### Requirement
Copy out the listing that follows exactly, dropping every picture.
[Opening Dataset extract section]
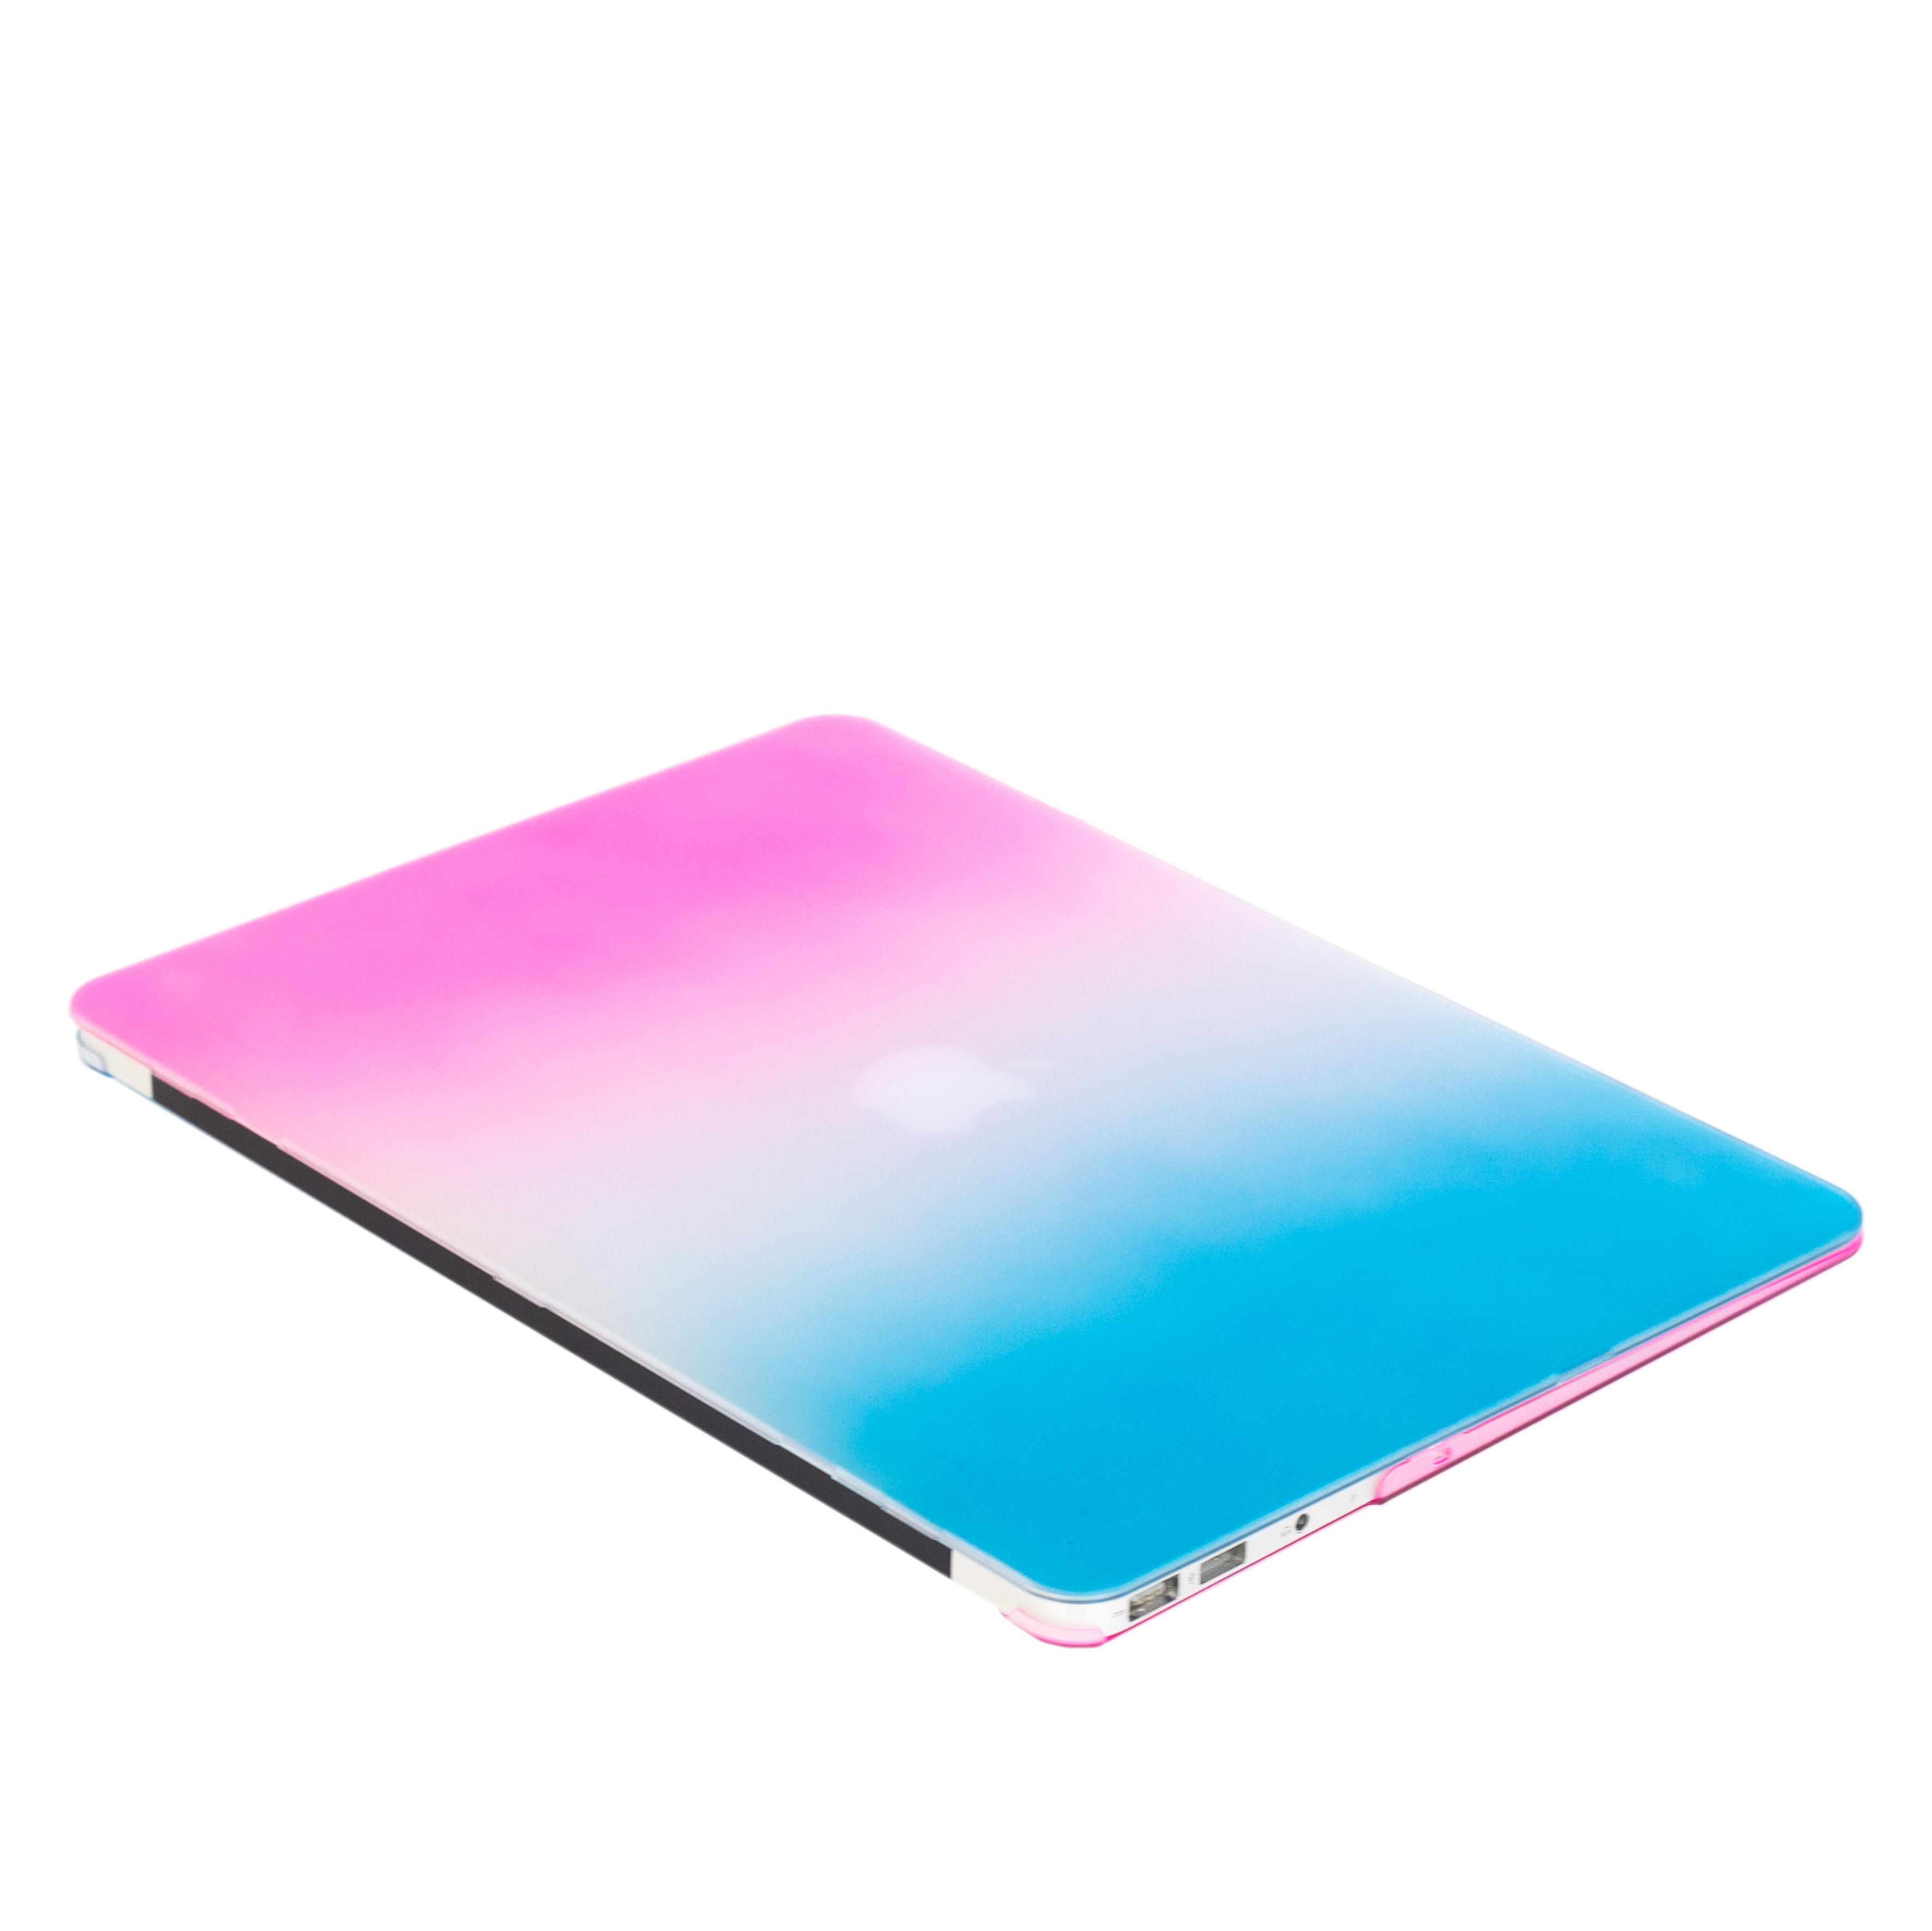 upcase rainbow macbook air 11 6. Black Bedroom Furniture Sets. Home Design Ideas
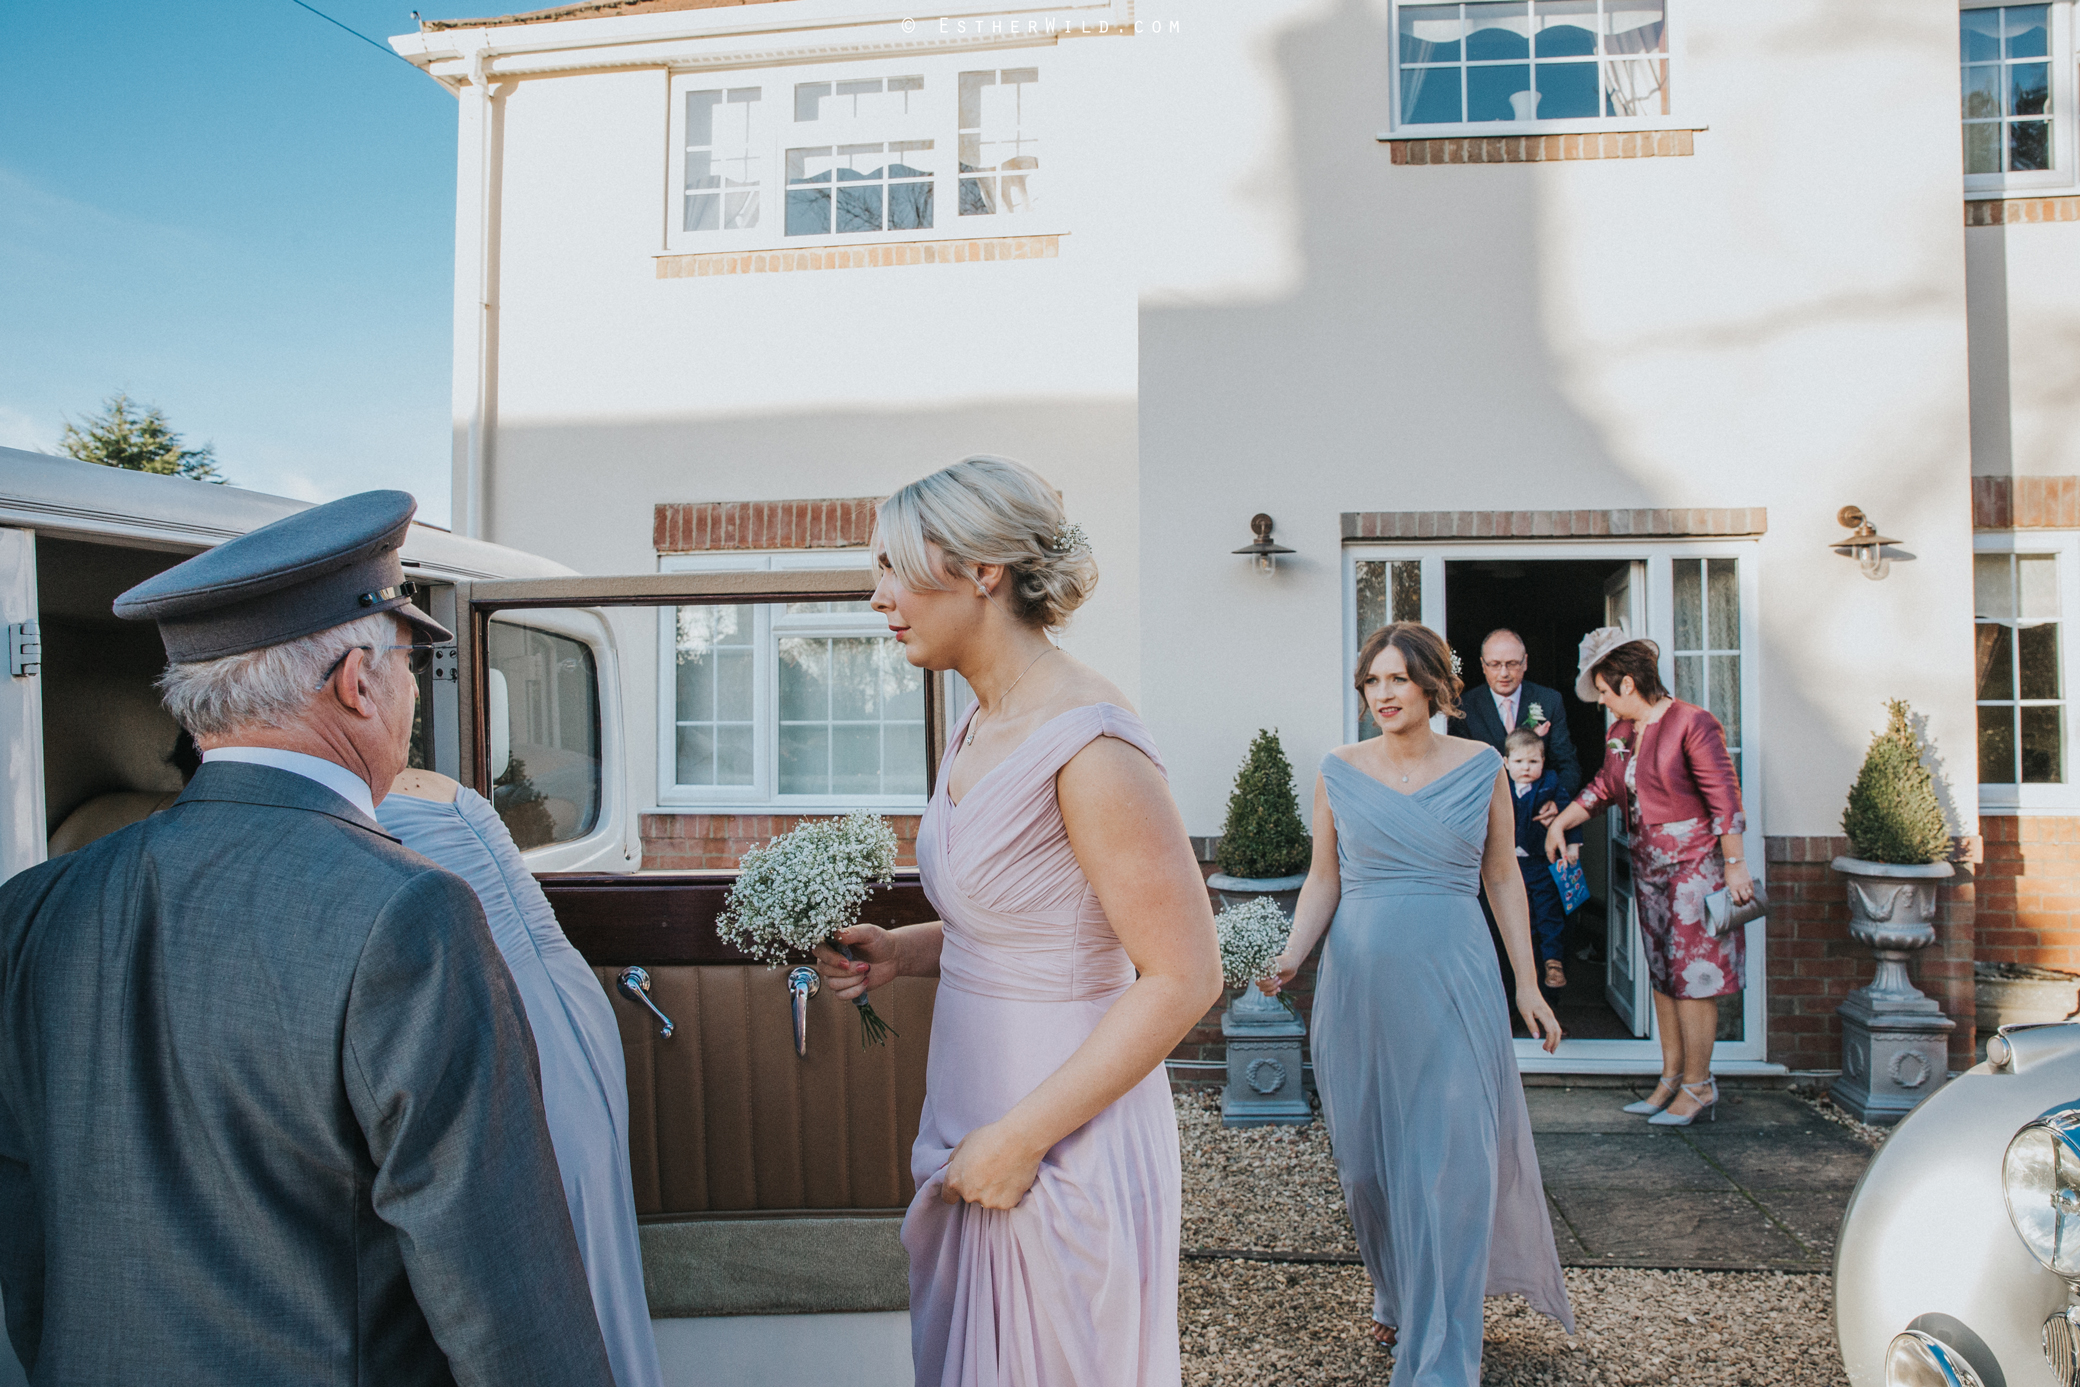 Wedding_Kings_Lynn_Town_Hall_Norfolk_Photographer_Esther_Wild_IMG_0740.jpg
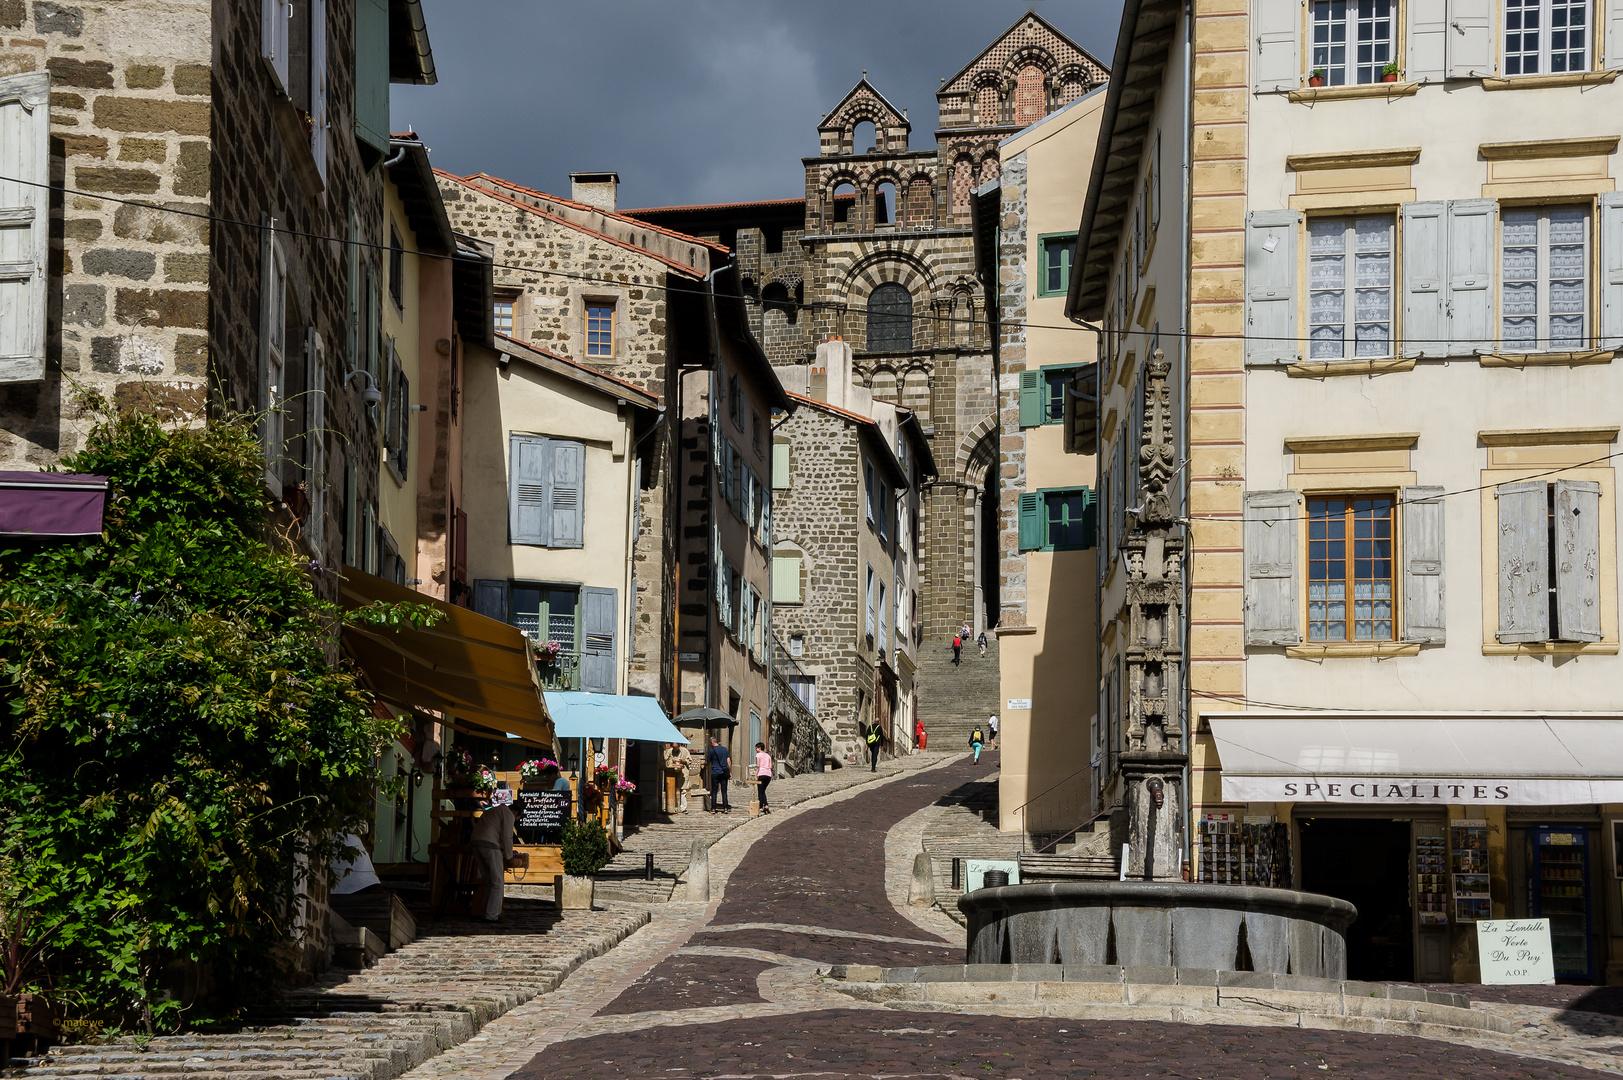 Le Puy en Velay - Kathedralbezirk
[Closing Dataset extract section]
### Answer box
 upcase rainbow macbook air 11 6. Black Bedroom Furniture Sets. Home Design Ideas
 Wedding_Kings_Lynn_Town_Hall_Norfolk_Photographer_Esther_Wild_IMG_0740.jpg
 Le Puy en Velay - Kathedralbezirk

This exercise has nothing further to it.